He’s been Stephen Harper’s right hand man on this and other files for a long time. In fact, one commentator recently predicted he would take over from the prime minister when Stephen Harper leaves political life.
At last week's provincial premiers’ annual summer conference, held this year in St. John’s, Newfoundland, the provincial and territorial leaders finally rolled out a Canadian Energy Strategy, a 40 page document first proposed three years ago, which outlines their collective sense of how energy systems should develop in Canada.
But Brad Wall didn’t like it, and insisted on changes in the final version.
Brad Wall apparently nearly didn’t sign on to it because the strategy didn’t praise the oil and gas industry enough. His mantra was “oil is not a four letter word.”

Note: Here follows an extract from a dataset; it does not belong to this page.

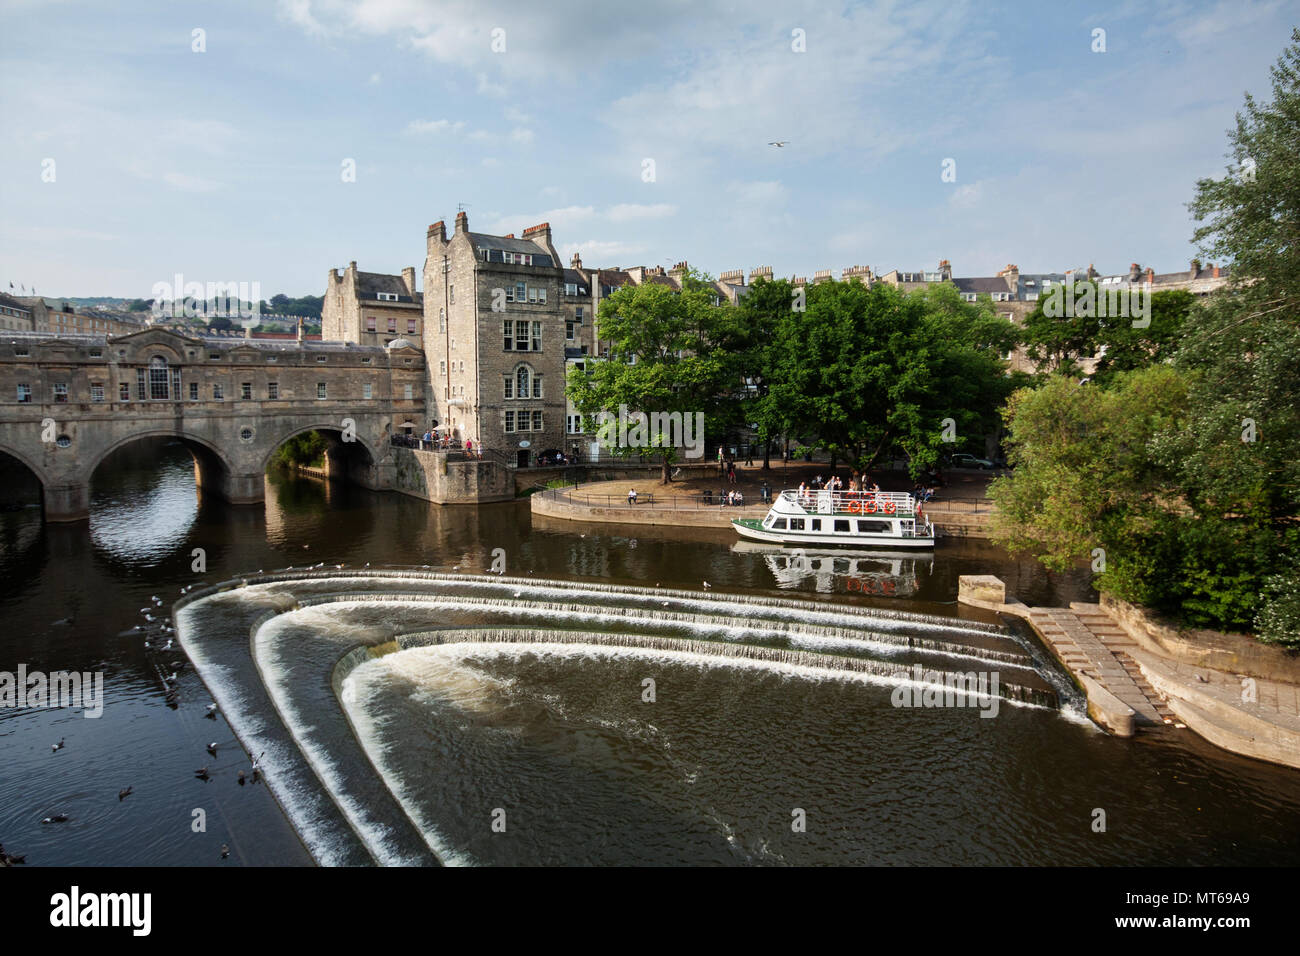 Pulteney bridge over river Avon with a tour boat, in city of Bath, England, UK. Stock Photo

Thanks to fossil fuel boosters like Wall, the premiers mention climate change and renewable energy prominently in the report, but carefully avoid any mention of actual stated targets for lowering greenhouse gas emissions and concrete goals in shifting to renewables. Targets were explicitly advocated in a draft of the document, but all mention of them was expunged from the final version.
Brad Wall – increasingly an outlier
Wall is looking increasingly isolated among provincial leaders in his unceasing defense of the oil and gas status quo, especially in his relationship with Alberta’s NDP Premier Rachel Notley, whom he accused at this meeting of exercising a veto over new pipelines, a comment she called “ridiculous”.
Perhaps Wall is a bit touchy about fossil fuels because Saskatchewan produces more greenhouse gases per person than any other Canadian province, and is one of only three provinces whose emissions have risen since 1990. The province contains only 1 per cent of the country’s population, but produces a disproportionate 10 per cent of national emissions.
Only two provinces – Ontario and Québec – have lowered greenhouse gas emissions in that same period.
To bolster his defense of the fossil fuel industry, Wall points out that oil has, in the past, funded “innumerable social programs” as well as transfer payments to other provinces.
And he’s right.
Just like he would be correct to say that the tobacco industry supported all sorts of laudable activities and cultural events – concerts, sports activities and scientific research – until we realized that tobacco’s harms far exceeded its putative benefits, and until it was revealed that many of the industry’s claims were just aggressive protection of its bottom line.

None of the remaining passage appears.